See Cmty. Fin. Grp., Inc., 663 F.3d at 981 (8th Cir. 2011) (finding the expropriation exception inapplicable where plaintiff " failed to establish that the property [was] present in the United States or that the expropriating defendants engage in commercial activity in the United States"). Rather, Plaintiff's Complaint squarely states that Defendants returned his property upon conclusion of their official investigation, and prior to the inception of this litigation. (See id. at ¶ ¶ 7-9.) As a result, the alleged acts fall beyond the scope of the expropriation exception to sovereign immunity.

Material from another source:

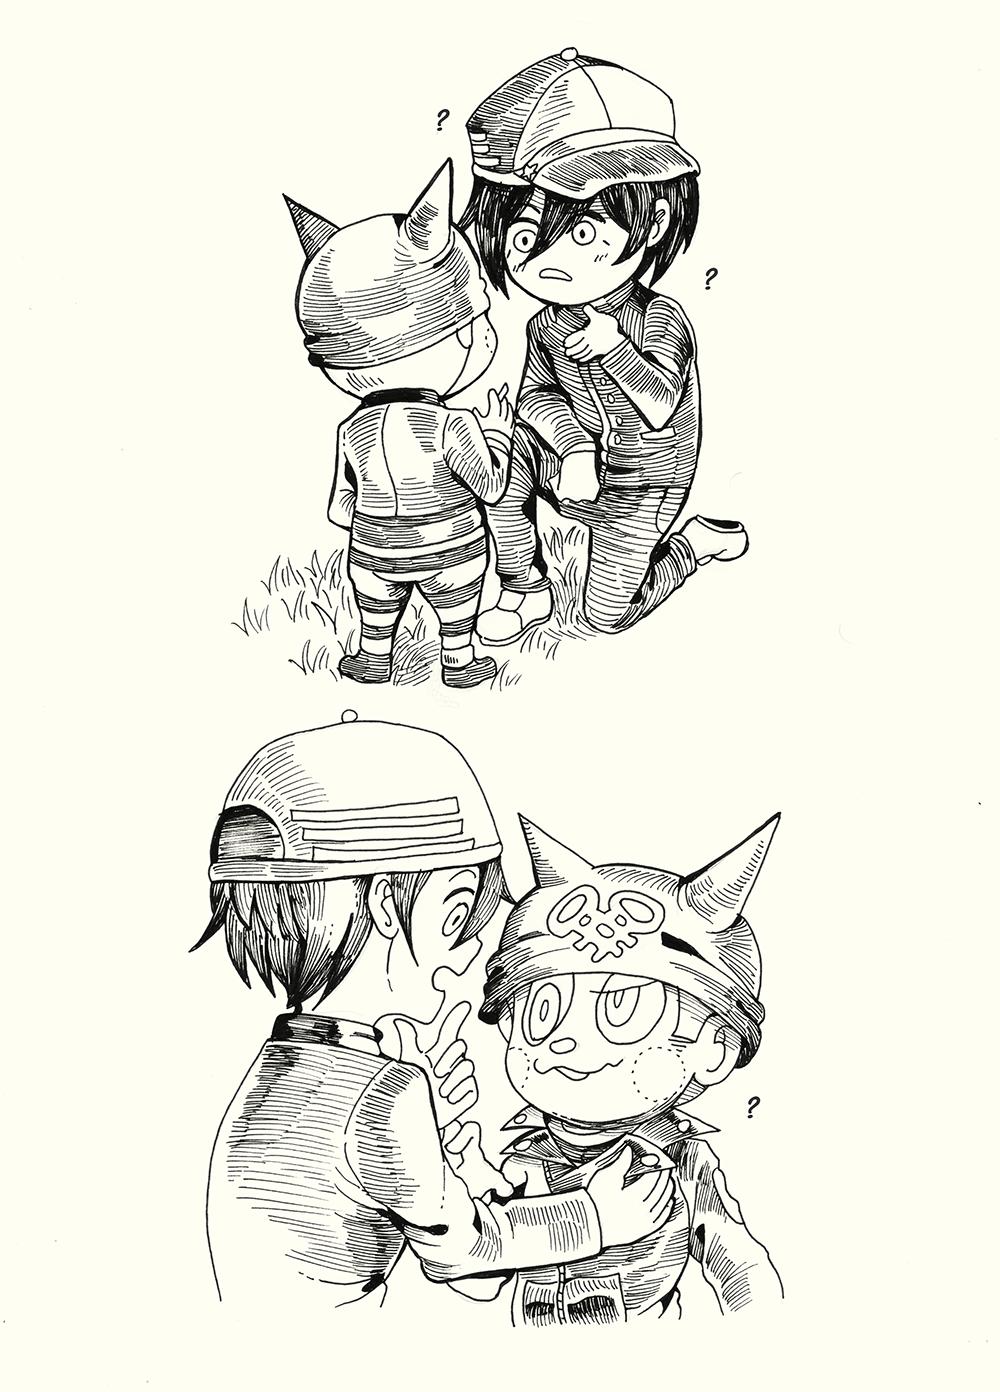 Shuichi Notices The Buttons On Ryoma S Jacket Danganronpa Characters Danganronpa Anime Ryouma hoshi is a character. shuichi notices the buttons on ryoma s

3. The Tortious Activity Exception Does Not Apply
The tortious activity exception, set forth in 28 U.S.C. § 1605(a)(5) of the FSIA, provides that
A foreign state shall not be immune from the jurisdiction of courts of the United States ... in any case-- in which money damages are sought against a foreign state for personal injury or death, or damage to or loss of property, occurring in the United States and caused by the tortious act or omission of that foreign state or of any official or employee of that foreign state while acting within the scope of his office or employment....

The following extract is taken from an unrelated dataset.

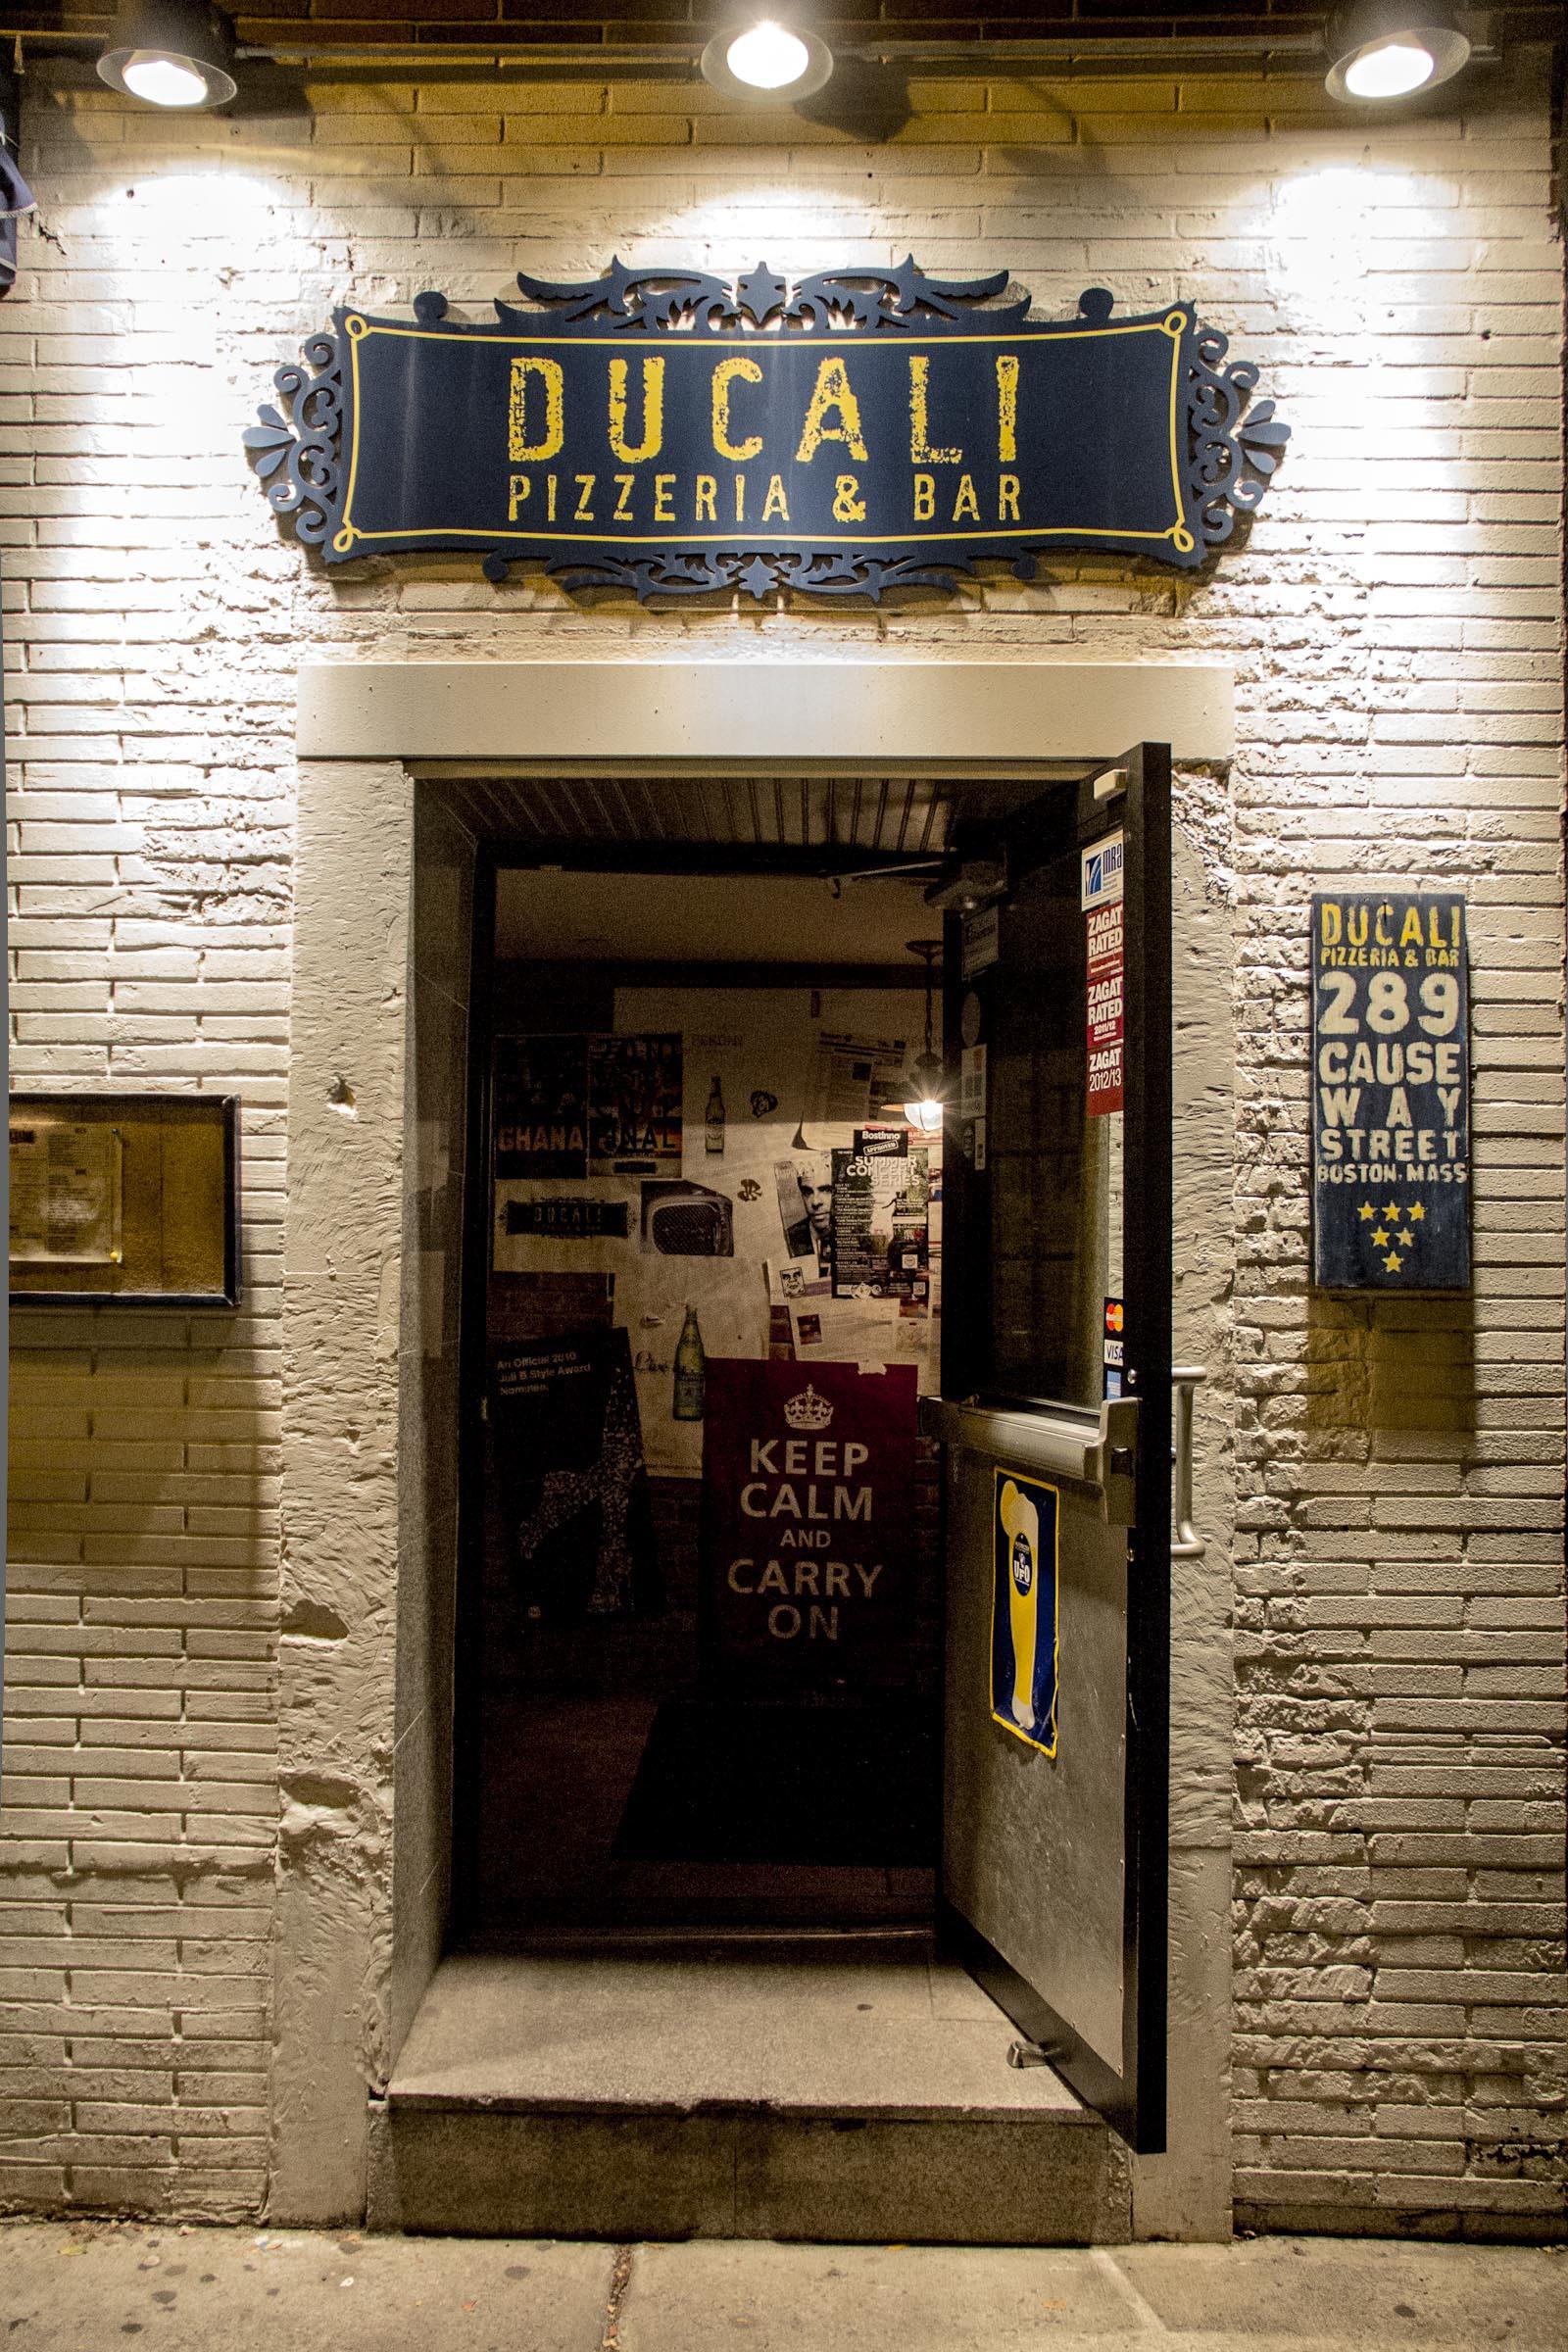 Ducali Pizzeria Entrance - North End Boston

28 U.S.C. 1605(a)(5) (emphases added). The limited scope of this exception covers " only torts occurring within the territorial jurisdiction of the United States, " regardless of whether the alleged tort " may have had effects in the United States."

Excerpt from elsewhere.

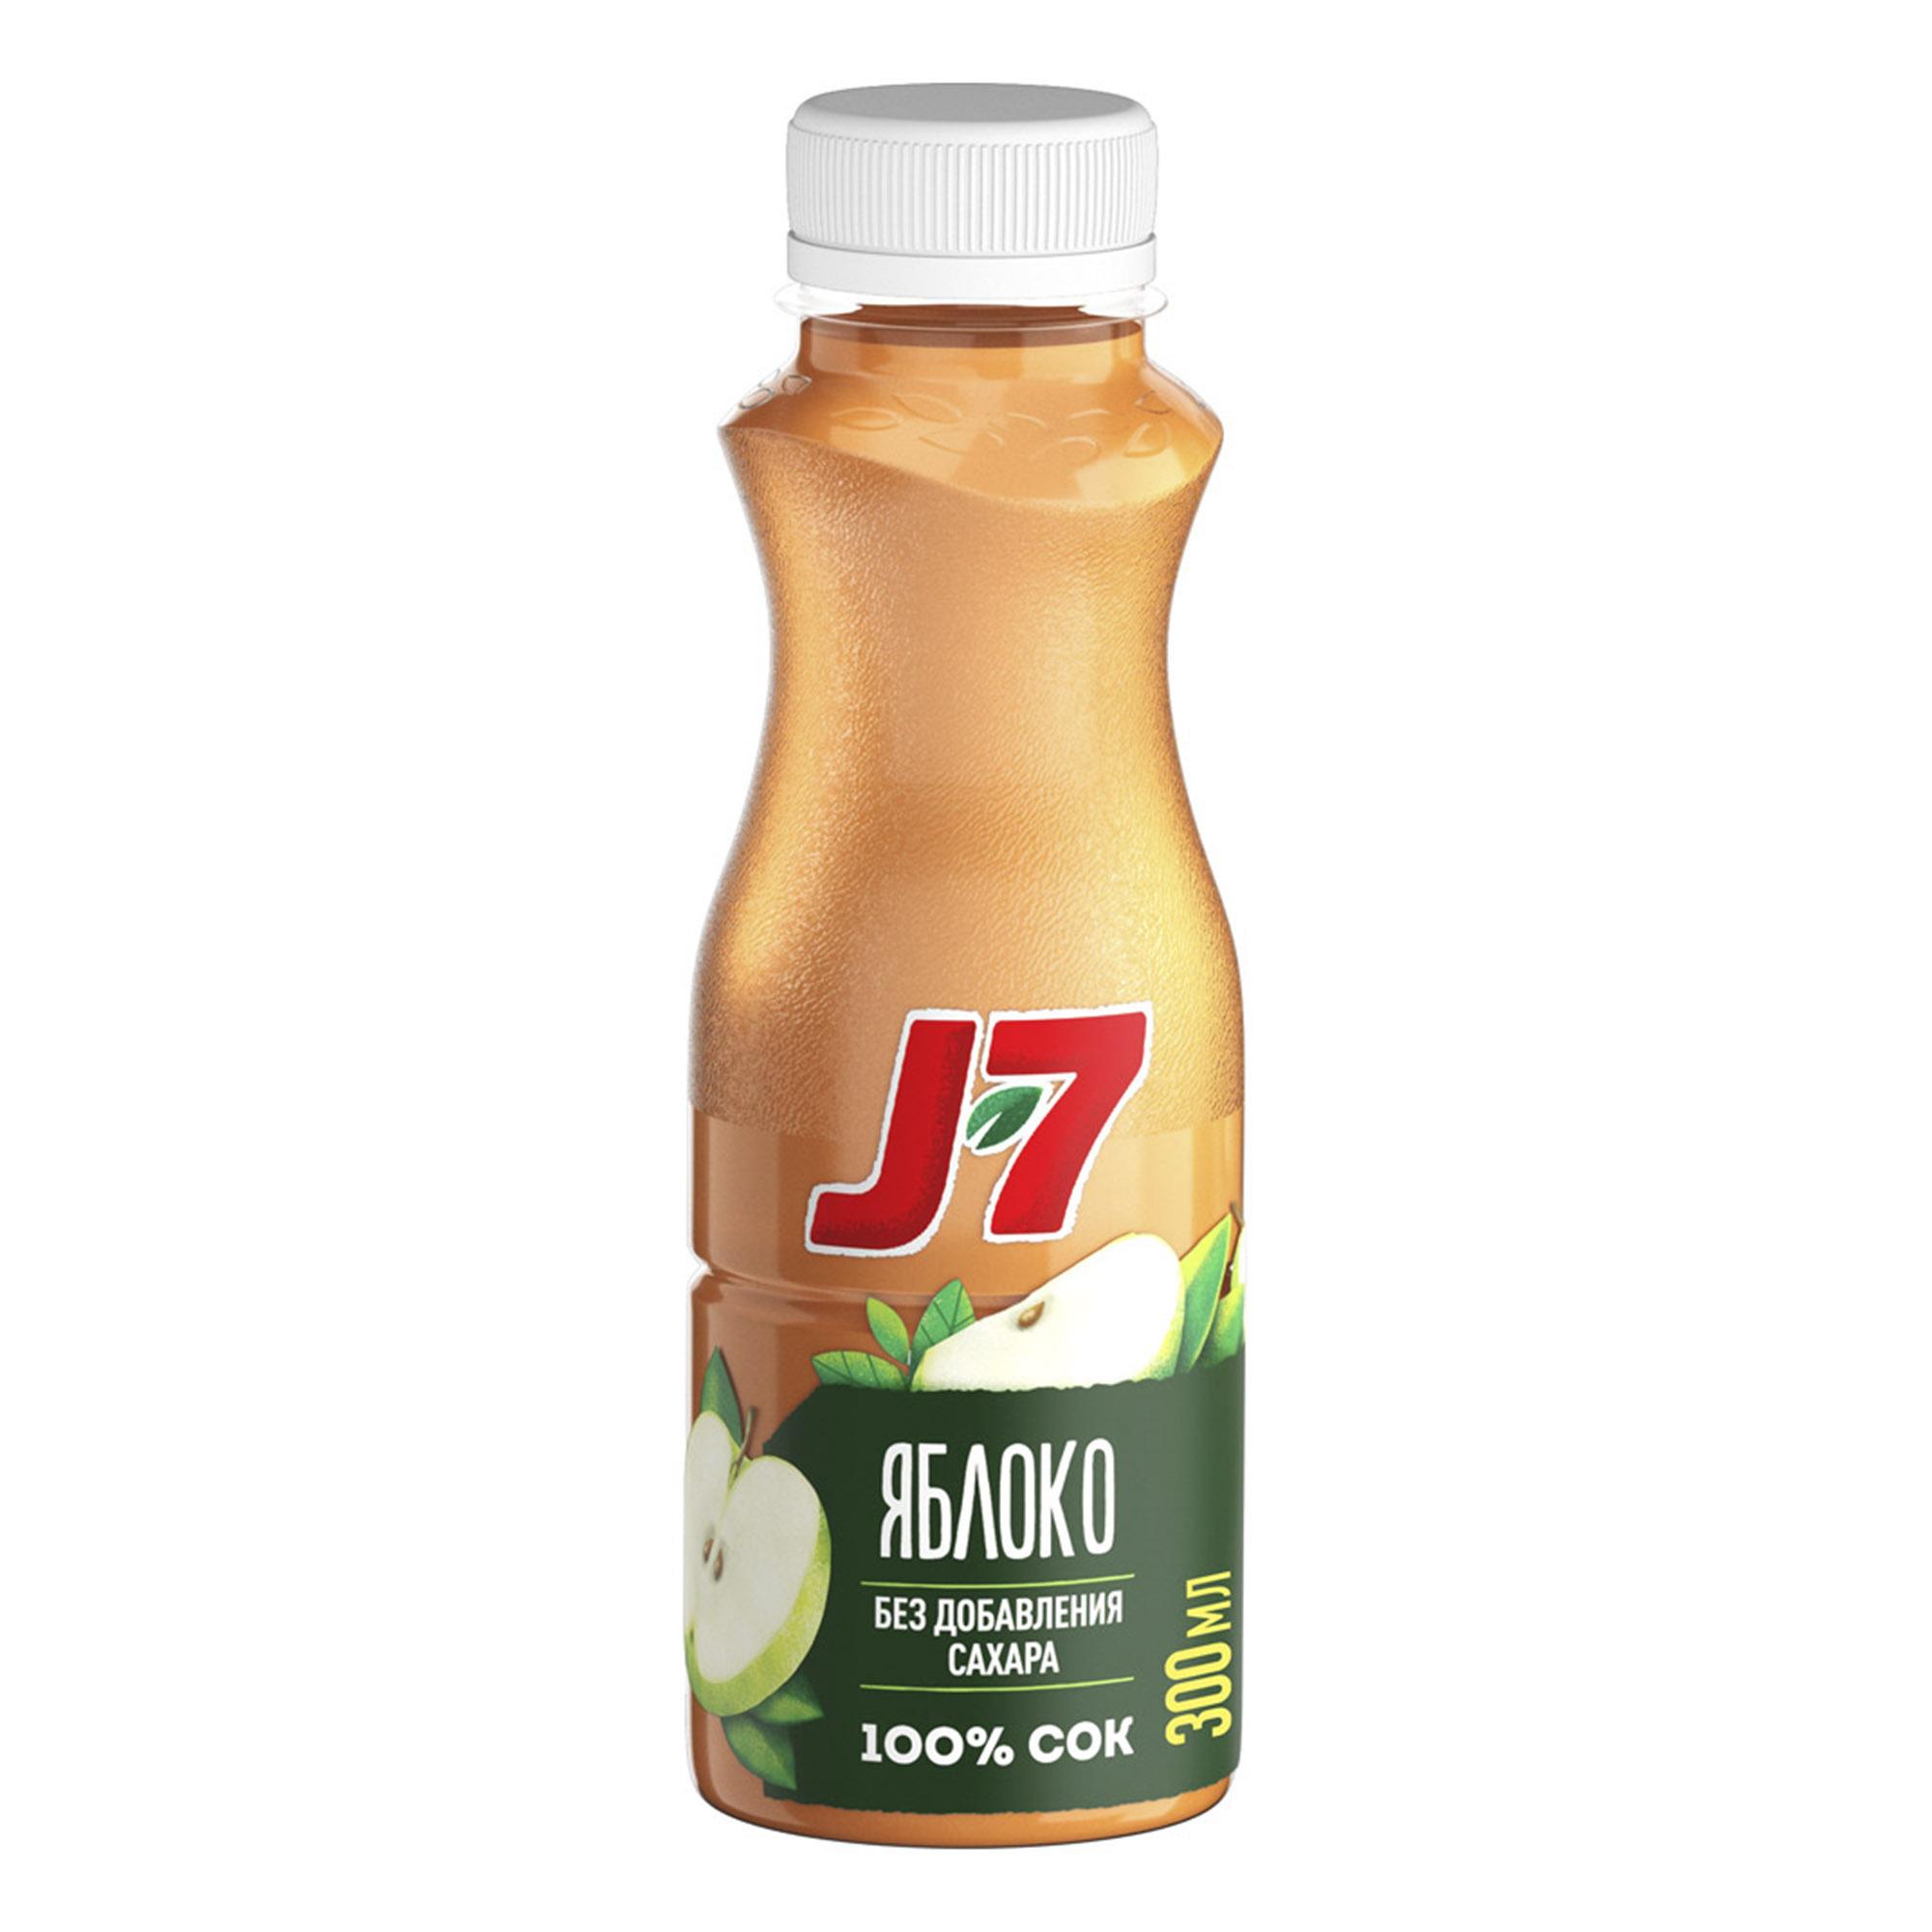 Фото - Сок J7 Яблоко 300 мл сок томатный j7 тонус 900 мл

Argentine Rep., 488 U.S. at 441. Even if Plaintiff's allegations, accepted as true, could plausibly be construed to allege that Defendants engaged in tortious conduct, Plaintiff has not alleged, nor could he allege, that such conduct occurred " within the territorial jurisdiction of the United States[.]" Id. Rather, Plaintiff's Complaint clearly reflects that acts within the territorial jurisdiction of the United Kingdom form the core predicate of this action. (See Compl. at ¶ ¶ 1-3.) The tortious activity exception, accordingly, has no application to this litigation.
In sum, the Court concludes that Plaintiff's allegations fail to fall within the relied-upon exception to the FSIA. Having so concluded, the Court lacks subject matter jurisdiction over this action, and will accordingly grant Defendants' motion to dismiss on that basis. The accompanying Order will be entered.
This matter comes before the Court by way of Defendants' motion to dismiss pro se Plaintiff Vincent O. Ezeiruaku's (hereinafter, " Plaintiff") Complaint pursuant to Federal Rules of Civil Procedure 12(b)(1), (2), (3) and (5) [Docket Item 5]; and the Court having considered the parties' submissions; and for the reasons explained in the Opinion of today's date; and for good cause shown;
IT IS this 3rd day of November, 2014, hereby
ORDERED that Defendants' motion to dismiss [Docket Item 5] shall be, and hereby is, GRANTED in part; and it is further
ORDERED that Plaintiff's Complaint shall be, and hereby is, DISMISSED for lack of subject matter jurisdiction; and it is further
ORDERED that the Clerk of Court shall CLOSE this case.